When Austria-Hungary's response to evidence that Serbia had played a role in the assassination came, there was little time for governments to react. Austria-Hungary submitted demands of Serbia that included unconditional acceptance within 24 hours. As European governments learned of the response, and hurried to react, Serbia accepted all by one of Austria-Hungary's demands, that which most impinged upon its sovereignty. The ambassador receiving the response left immediately for Vienna. On July 28, Austria-Hungary declared war on Serbia, and on the next day bombarded Belgrade, its capital.

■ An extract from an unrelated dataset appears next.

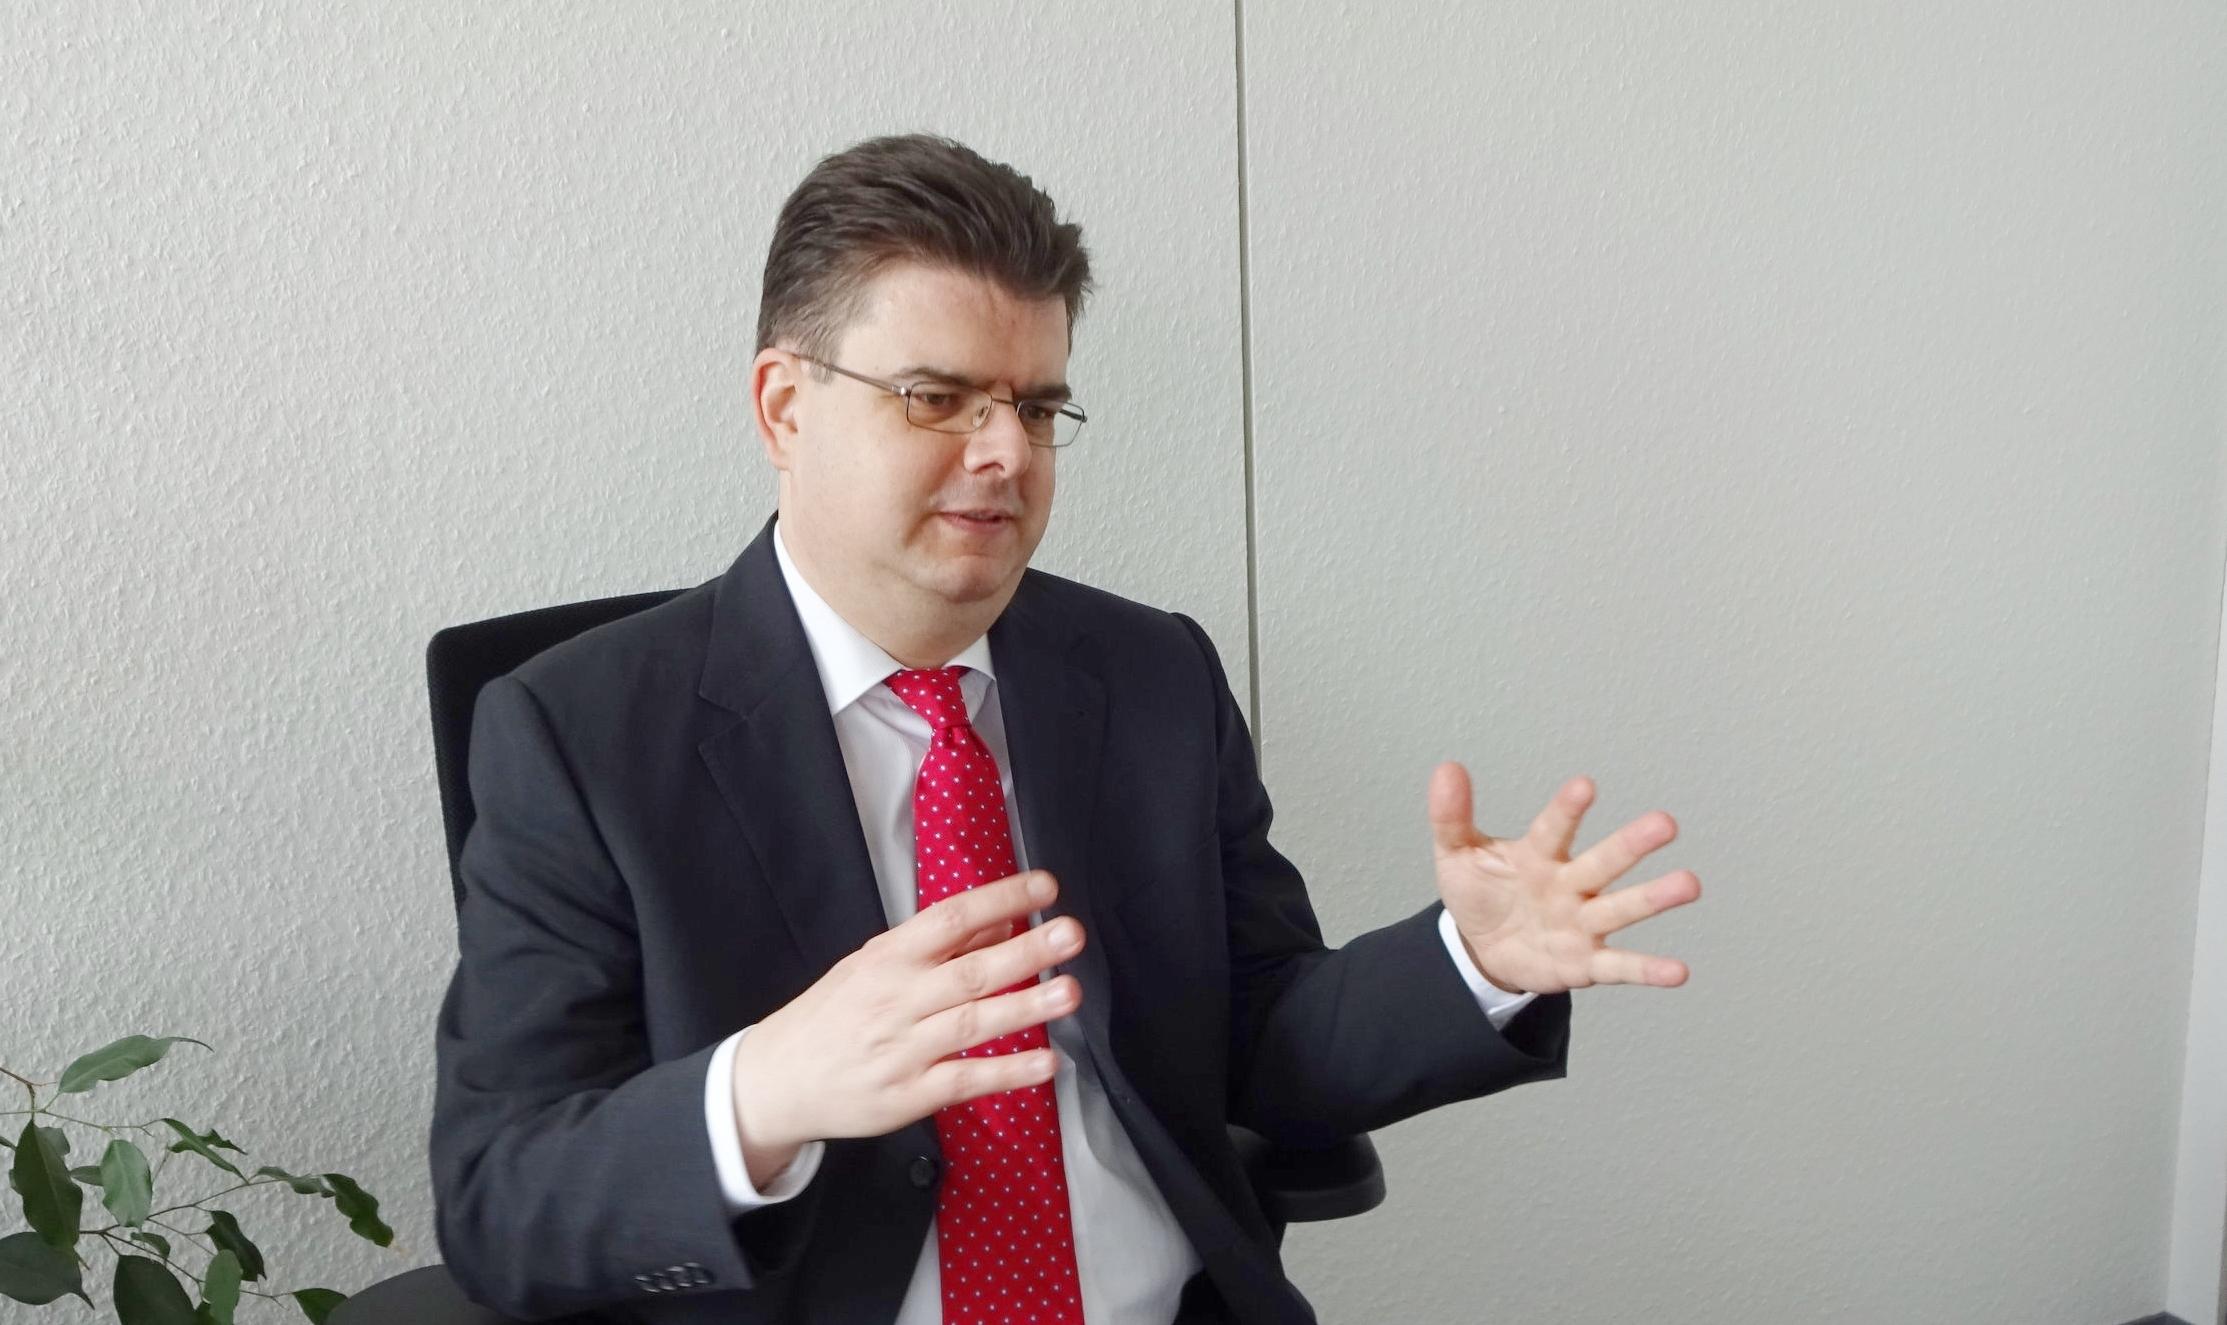 Dr. Thomas Wendel - hat an der Universität Bonn in Kernphysik promoviert und zusätzlich Wirtschaftswissenschaften studiert. Sein technischer Background wird ergänzt durch langjährige Erfahrung in der Strategie- und Personalberatung sowie der interkulturellen Zusammenarbeit

Russia mobilized its army in support of Serbia, but with a mobilization plan that activated troops facing not only Austria-Hungary but also Germany. On August 1, Germany declared war on Russia and invaded Luxemburg to begin its assault on France. France ordered general mobilization effective August 2, and began executing its plan to attack Germany along their border, through Alsace and Lorraine. On August 3, Germany declared war on France, and requested passage of its troops through Belgium to attack France along its northern border. Belgium, defending the neutrality that France, Germany, and Great Britain had pledged to support, refused. On August 4, Germany invaded Belgium. In Great Britain, where there was significant opposition to the war, the invasion of Belgium shifted the opinion of the public and the government. Britain declared war on Germany.
Across Europe, millions of men were in motion, on trains, horseback, and on foot. France and Britain were bringing troops and laborers from its colonies and the British Commonwealth, France from Algeria, Senegal, and Dahomey, Britain from Egypt and India. Generals had not assembled armies this large before, and had not put them into motion, nor led them into battle. Most generals, most soldiers, most civilians thought the war would end in months, that their their army would be in Berlin, in Paris, in Petersburg, by Christmas, before 1915. Only a few saw this war would be different, and would not end for years.